Build an Optimum Spaced 2 Meter Quad Print
Written by Tim Wray   
Friday, 04 April 2014 14:41

Many years ago back in 2003, I began getting back into Amateur Radio Direction Finding, or "ARDF". Locally, we call it "fox hunting". The local variety is to have one person transmit from public access property, fixed location, once every few minutes. All the "hunters" start from the same location and attempt to triangulate the fox's location based on readings of their signal with directional antennas.

The following is a plan for one of those directional antennas I built at that time.
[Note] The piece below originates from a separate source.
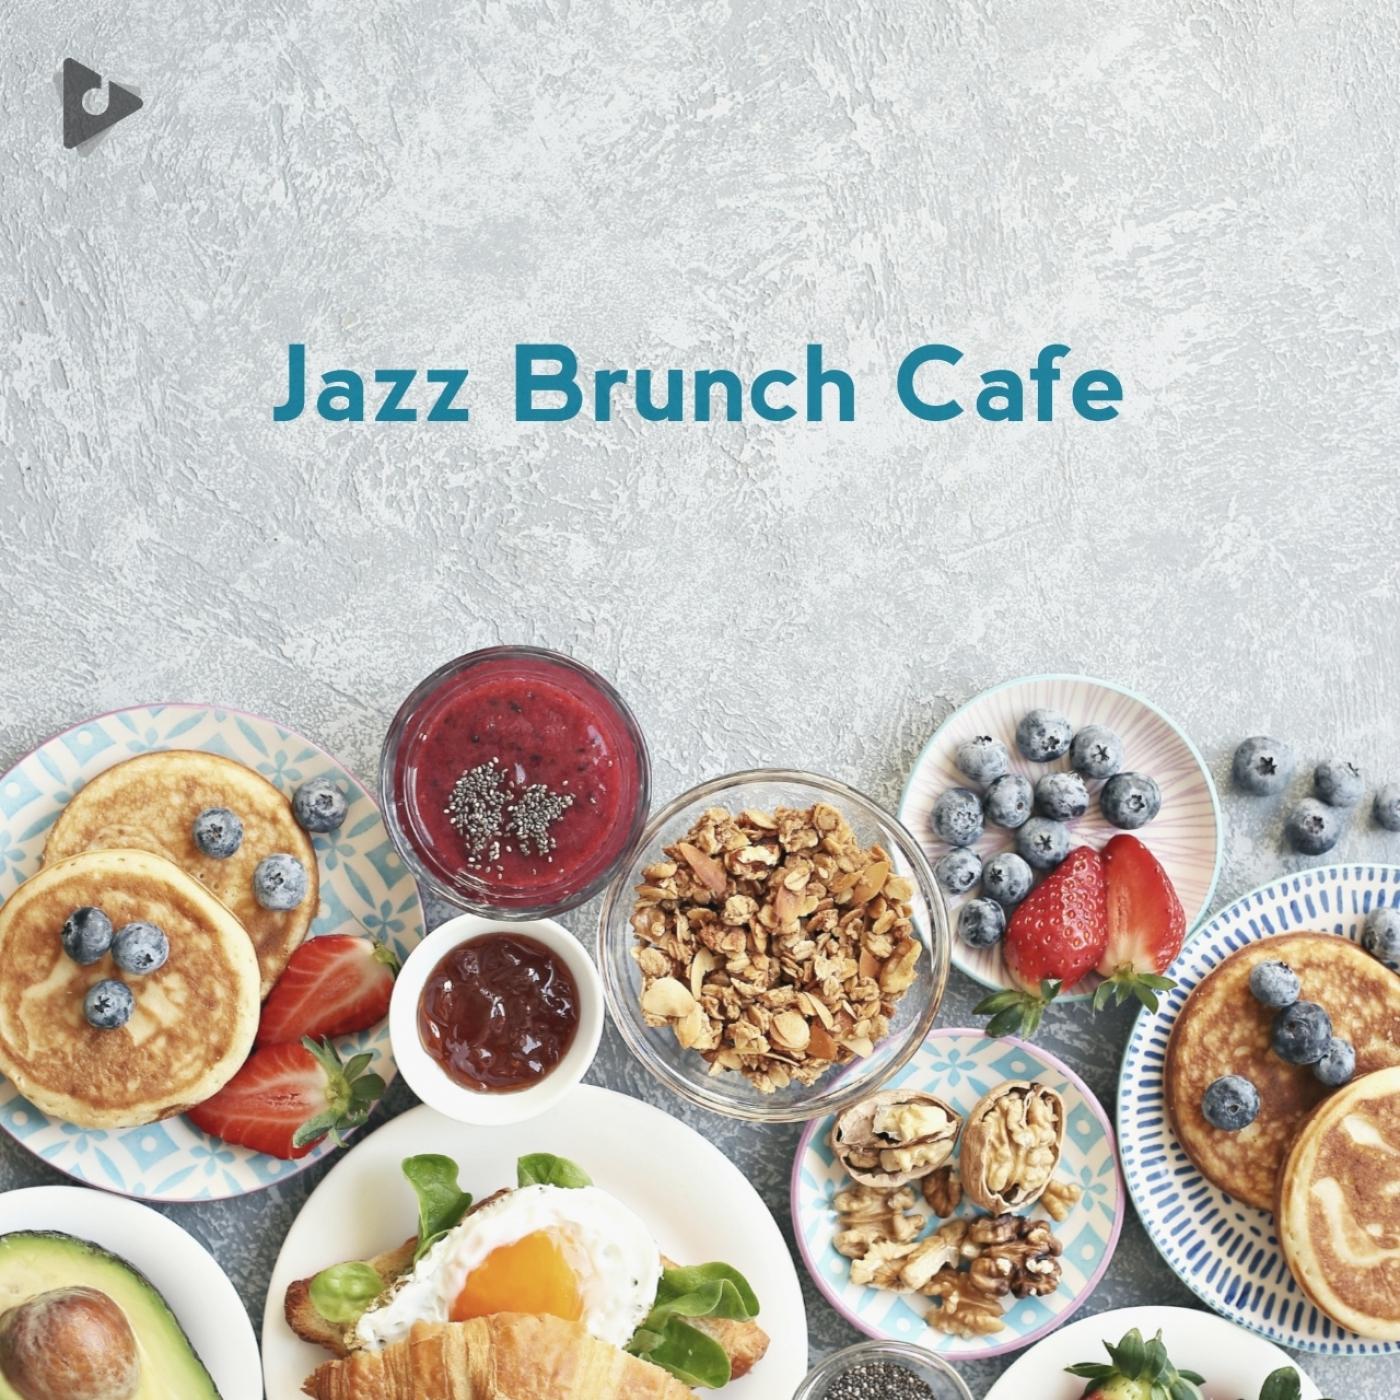 Jazz Brunch Cafe

I used the original version of this antenna I built for quite some time, and then rebuilt it a bit sturdier, which unfortunately made it's weight and wind load too high for my comfort for ARDF use.

That said, it makes an AMAZING base station 2m quad. I am planning on building another using PVC or any other light weight materials I can dream up.

Photos of both versions of my original antennas can be seen on this older BWR page.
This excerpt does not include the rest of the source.